Bankruptcy can help individuals who are going through an extreme financial hardship get a fresh start. Bankruptcy can also save your home from foreclosure, stop harassing creditor calls, and stop wage garnishments. In some cases, Bankruptcy can even eliminate second and third mortgages on your home, as well as reduce the mortgages on your investment properties down to the market value of the property today. Bankruptcy is a complicated process, however, that requires specific knowledge of the law and procedures associated with it.
In bankruptcy an individual or a business, known as the Debtor, files a Petition for Relief in Bankruptcy Court, asking the Court for what is known as a Discharge of their debt. A Discharge is a Court order, signed by a US Bankruptcy Judge, that states that the Debtor is no longer required to pay his or her Creditors.
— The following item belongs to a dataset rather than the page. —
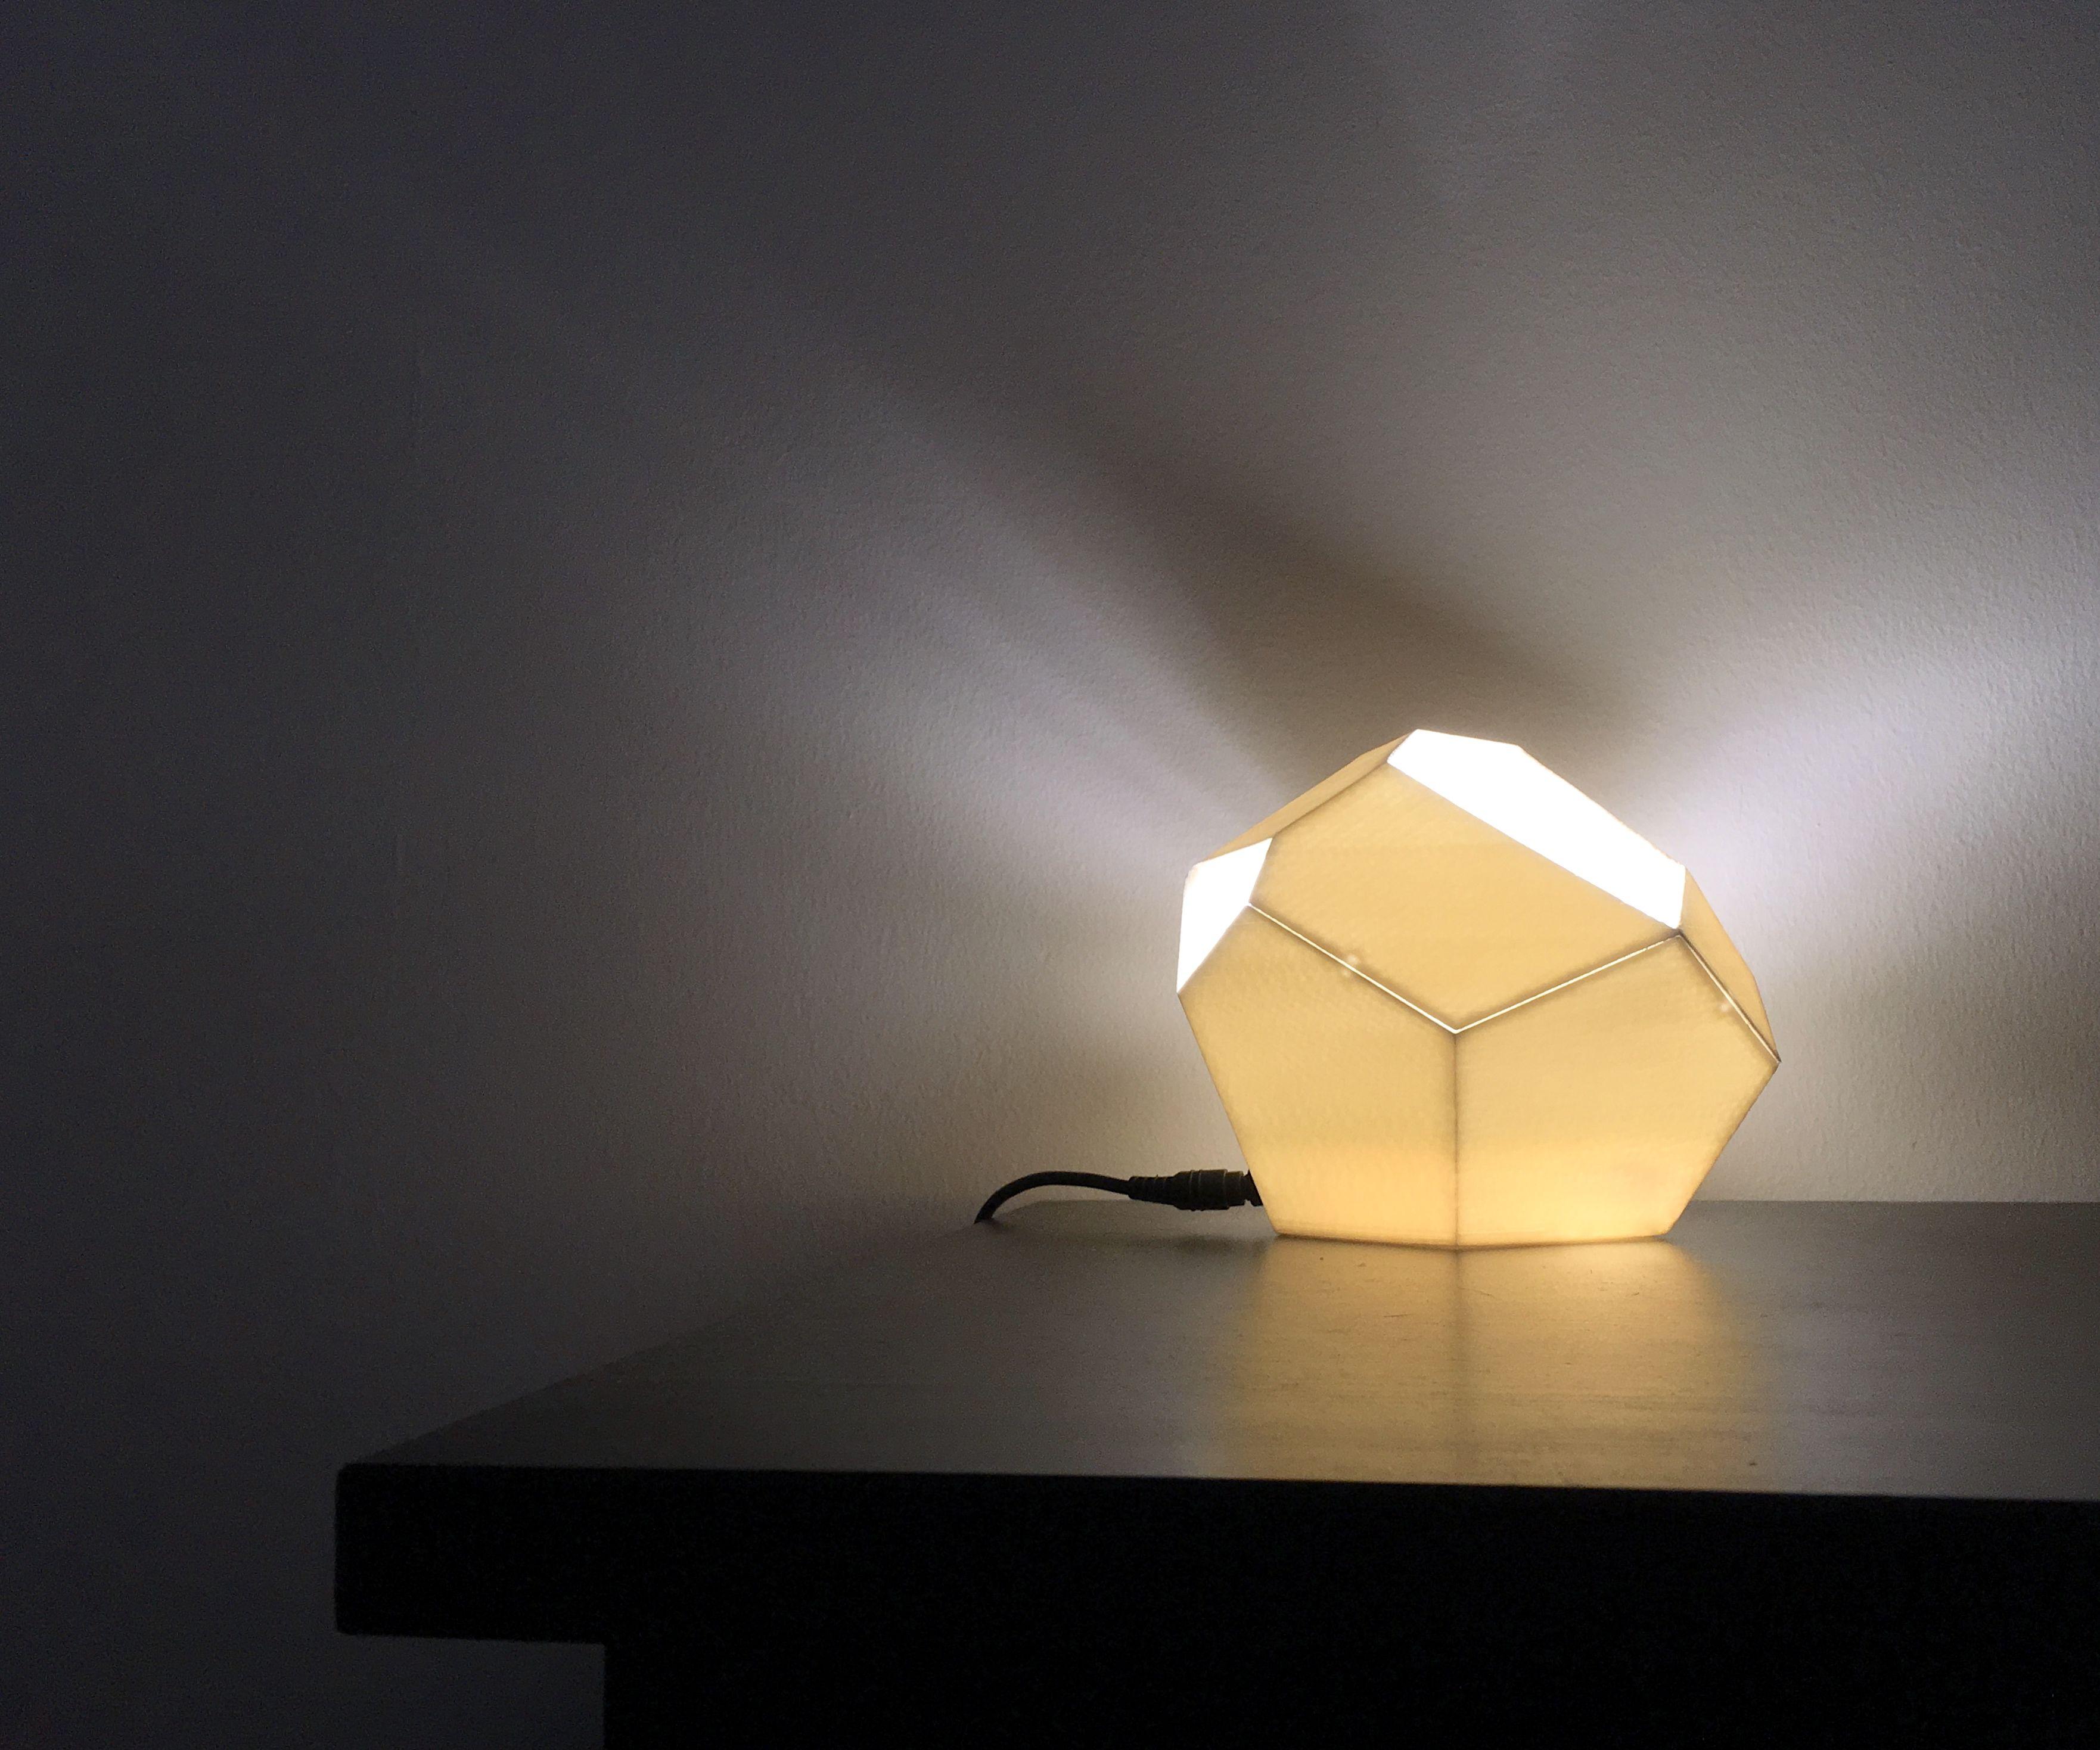 Low-Poly Geometric Desk Lamp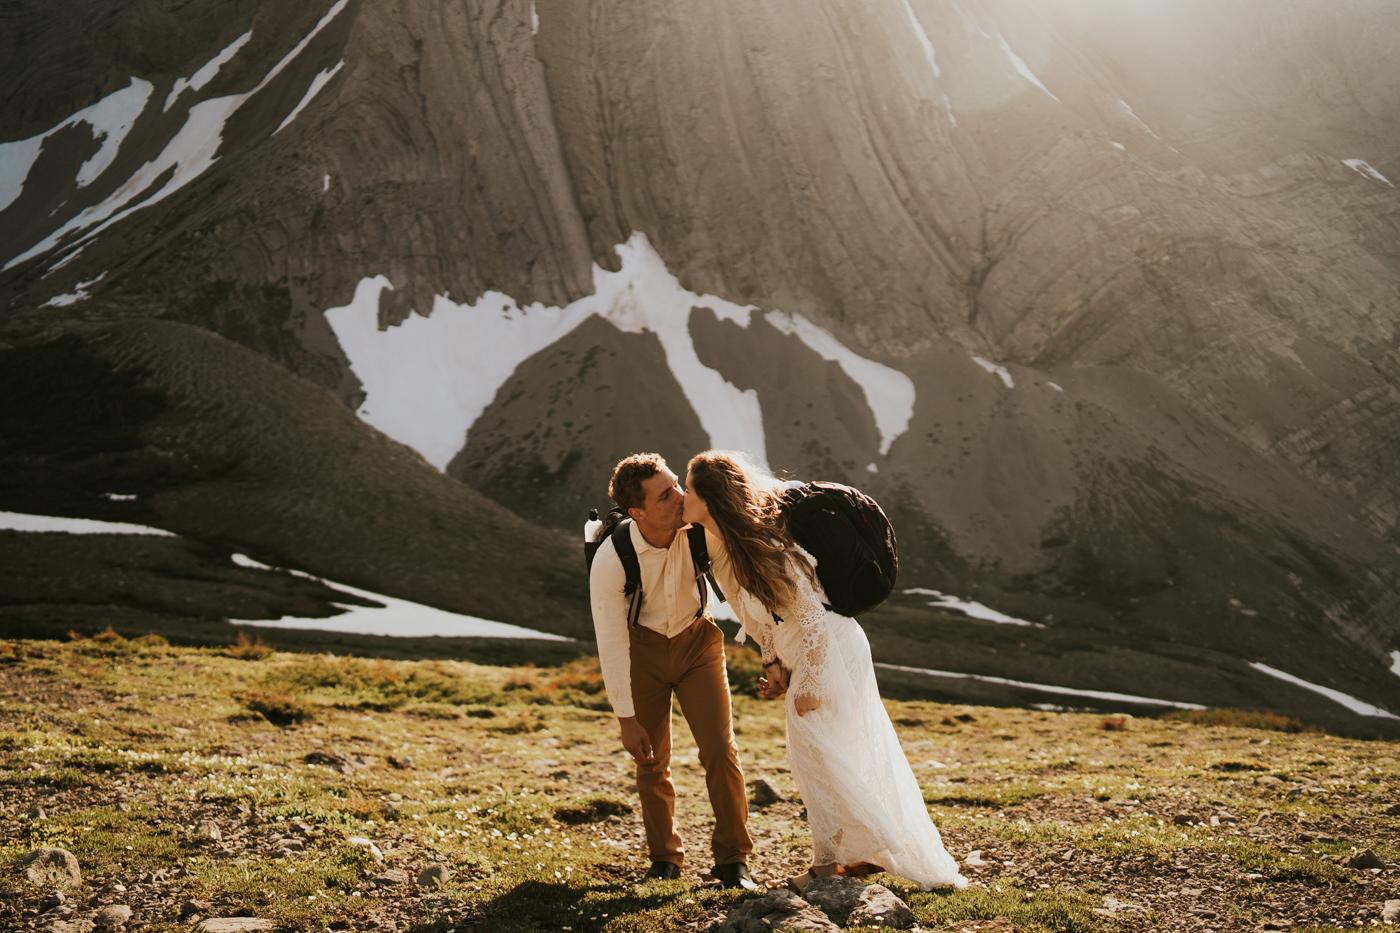 tyraephotography_photographer_wedding_elopement_engagement_photography-08473.jpg

As in any court, individuals have a right to represent themselves before the Bankruptcy Court. However, bankruptcy is a complex area and involves many considerations, including whether to file, the election of the appropriate chapter, the use of exemptions to protect your assest, understanding all of the protections of the Bankruptcy Code and using them to the your advantage. The right decision for you depends on an evaluation of your family status, your assets, your obligations, and other factors. It is possible in a bankruptcy that a debtor, not familiar with the laws and procedures of the Bankruptcy process, will lose all assets and still come out owing all or some of his or her debts. Only a lawyer can explain to you how the process works and help you reach an intelligent decision.
Some debtors use non-lawyer bankruptcy petition preparers or filing services to complete the schedules and documents which must be filed with the bankruptcy petition. While this may cost less initially than consulting an attorney, these non-lawyer services, by law, cannot give legal advice before or after the filing, and cannot represent the debtor in the Bankruptcy Court.
If you are contemplating a Bankruptcy, then you need to consider hiring an attorney. Certain complexities in the law make it extremely difficult for a debtor to successfully conclude a Bankruptcy case without the assistance of an attorney.